In Objectives 4-7, we saw the involvement of voltage-gated sodium and potassium channels in the creation and propagation of the action potential. Now, we turn our focus to a third kind of voltage-gated channel, the voltage-gated calcium (Ca²⁺) channel. This channel predominates where there are signals being sent from one neuron to a target cell, so we think of them as being associated with the axon terminals. Because there are 10,000 times as many calcium ions outside the cell as inside, the concentration gradient overwhelms any electrical gradient that might exist. If a voltage-gated Ca²⁺ channel opens, Ca²⁺ will always rush into the neuron.

Voltage-gated Ca²⁺ channels are found only in the active zone. Active zones are, in turn, found only on the sending side of a synapse, a contact between a nerve cell and a target cell. The side sending the information is called the presynaptic side, and the side receiving the information is called the postsynaptic side. The postsynaptic target cell can be another neuron; skeletal, cardiac, or smooth muscle; or a gland. We’ve already seen skeletal muscle as a target when we studied the neuromuscular junction in Unit 10. When the target is distant from the presynaptic neuron and the chemical signal is carried by the bloodstream, it’s called a hormone, and we’ll study those in Unit 14.

The release of a neuron’s chemical signal (neurotransmitter) from the presynaptic terminal is just a special case of a process we described in Unit 4, exocytosis (exo–, “out of”; –cyt–, “cell”; –osis, “process”). Here, we’re moving neurotransmitter out of the cell in response to an intracellular signal. The neurotransmitter is contained within vesicles (Latin: “little bladder”).

As you might imagine, to release neurotransmitter on demand, and to receive the signal carried by the neurotransmitter, requires a complicated and exquisite machinery.

This diagram shows the parts of a synapse. The presynaptic neuron and postsynaptic neuron are separated by a synaptic cleft. A voltage change causes the opening of voltage-gated Ca²⁺ channels. This, in turn, leads to the release of neurotransmitter from vesicles. The neurotransmitter diffuses across the synaptic cleft and interacts with ligand-gated ion channels on the postsynaptic membrane.

Here are the steps, in order:

1. the action potential, or even a smaller voltage change called a graded potential, arrives at the axon terminal and opens voltage-gated Ca²⁺ channels;
2. Ca²⁺ enters the presynaptic terminal and, through a complicated process involving dozens of steps, triggers exocytosis;
3. the vesicles containing neurotransmitter spill their contents into the synaptic cleft, and the neurotransmitter diffuses across the synaptic cleft;
4. where it encounters transmembrane protein receptors, which transduce the chemical signal into an
   1. electrical signal changing the voltage of the postsynaptic cell or
   2. a biochemical change changing the function of the postsynaptic cell or electrical signal in the postsynaptic cell.
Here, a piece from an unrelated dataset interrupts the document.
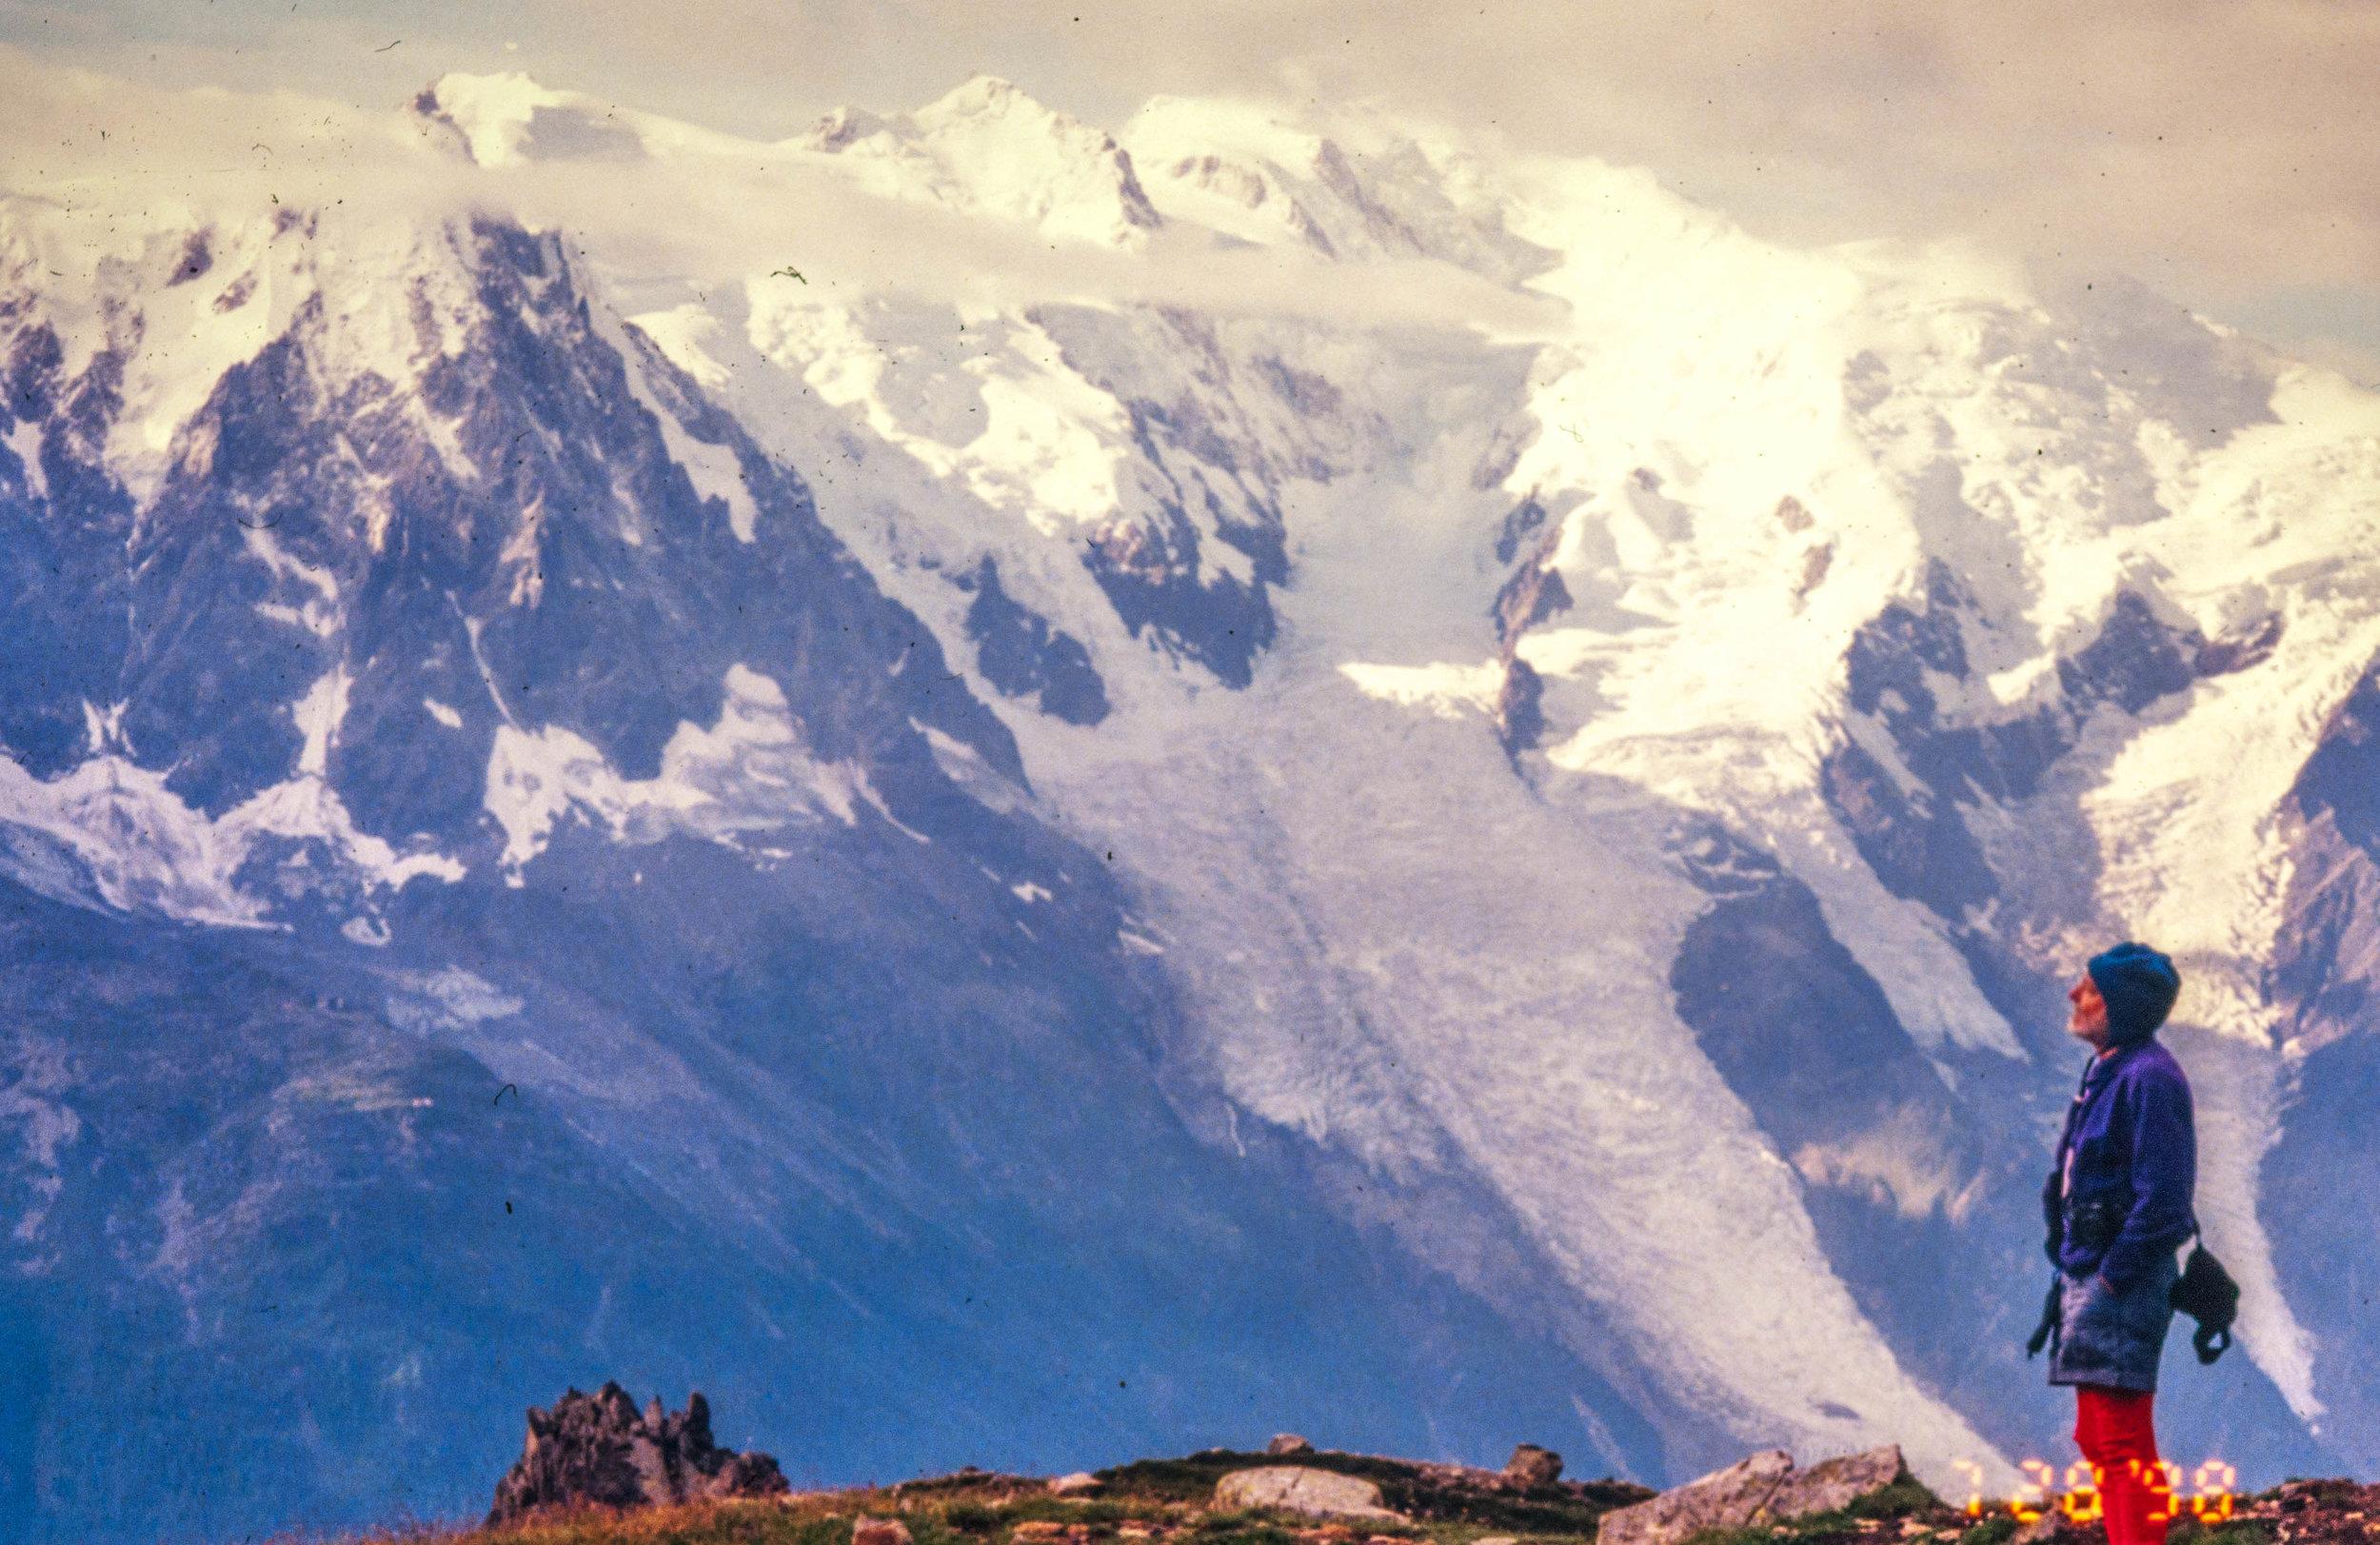 Bill Atkinson looks at the Alps above Chamonix 20 years ago.jpg

On the postsynaptic side, a group of cytoskeletal and related proteins form the postsynaptic density, which appears as a “dark fuzz” under the electron microscope.
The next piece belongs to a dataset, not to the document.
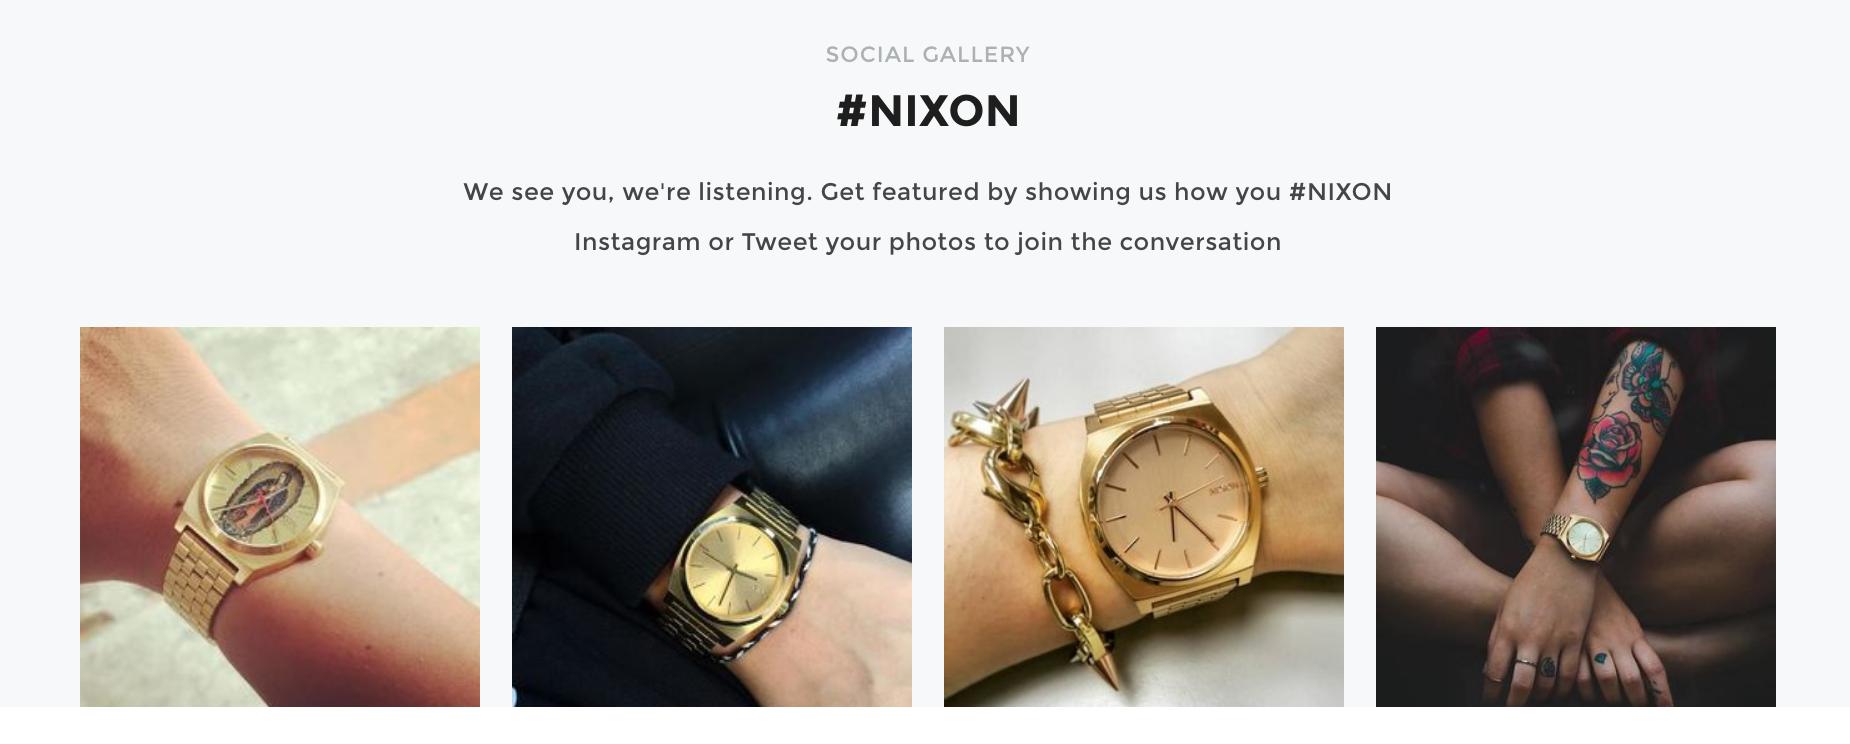 Nixon watches user photos

One aspect of neurotransmission we haven’t yet considered is the focus of this diagram: removal of neurotransmitter from the synapse.

Neurotransmitter removal is important because each neurotransmitter molecule can activate a receptor, release from the receptor, and then activate the same receptor or another. This happens until the neurotransmitter is removed.

There are three mechanisms for removing neurotransmitter. Some neurotransmitters use one of these, some two, and some a combination of all three.

Degradation enzyme. For example, acetylcholine is broken down by the enzyme acetylcholinesterase (AChE).

Transporter. These are symport or antiport systems that move the neurotransmitter back into the presynaptic terminal, removing its access to receptors. A drug that blocks these transporters therefore makes more of the neurotransmitter available and increases the influence of the transmitter. An example would be Prozac®, Lexapro®, Paxil®, Zoloft®, and Celexa®, all brand names for selective serotonin reuptake inhibitors (SSRIs). By blocking the serotonin transporter, this class of drugs increases the serotonin binding to receptors.

Metabolizing enzyme. Where a degradation enzyme works extracellularly to inactivate the neurotransmitter, a metabolizing enzyme works intracellularly to break down the neurotransmitter so its pieces can be used to synthesize new transmitter later. An example of this would be monoamine oxidase (MAO), which is found on mitochondria and breaks down monoamine neurotransmitters.

Some synapses do not utilize the complicated machinery involved in the vesicular release of transmitter and the presence of postsynaptic receptors. Rather, these electrical synapses use gap junctions (as introduced in Unit 7) to pass ions directly between neurons. Like gap junctions, electrical synapses consist of cells joined by structures called connexons which are made up of a protein called connexin. When the cell at the top depolarizes, then the ions that flow into the presynaptic cell can continue diffusing into the postsynaptic cell through the connexon proteins of the electrical synapse.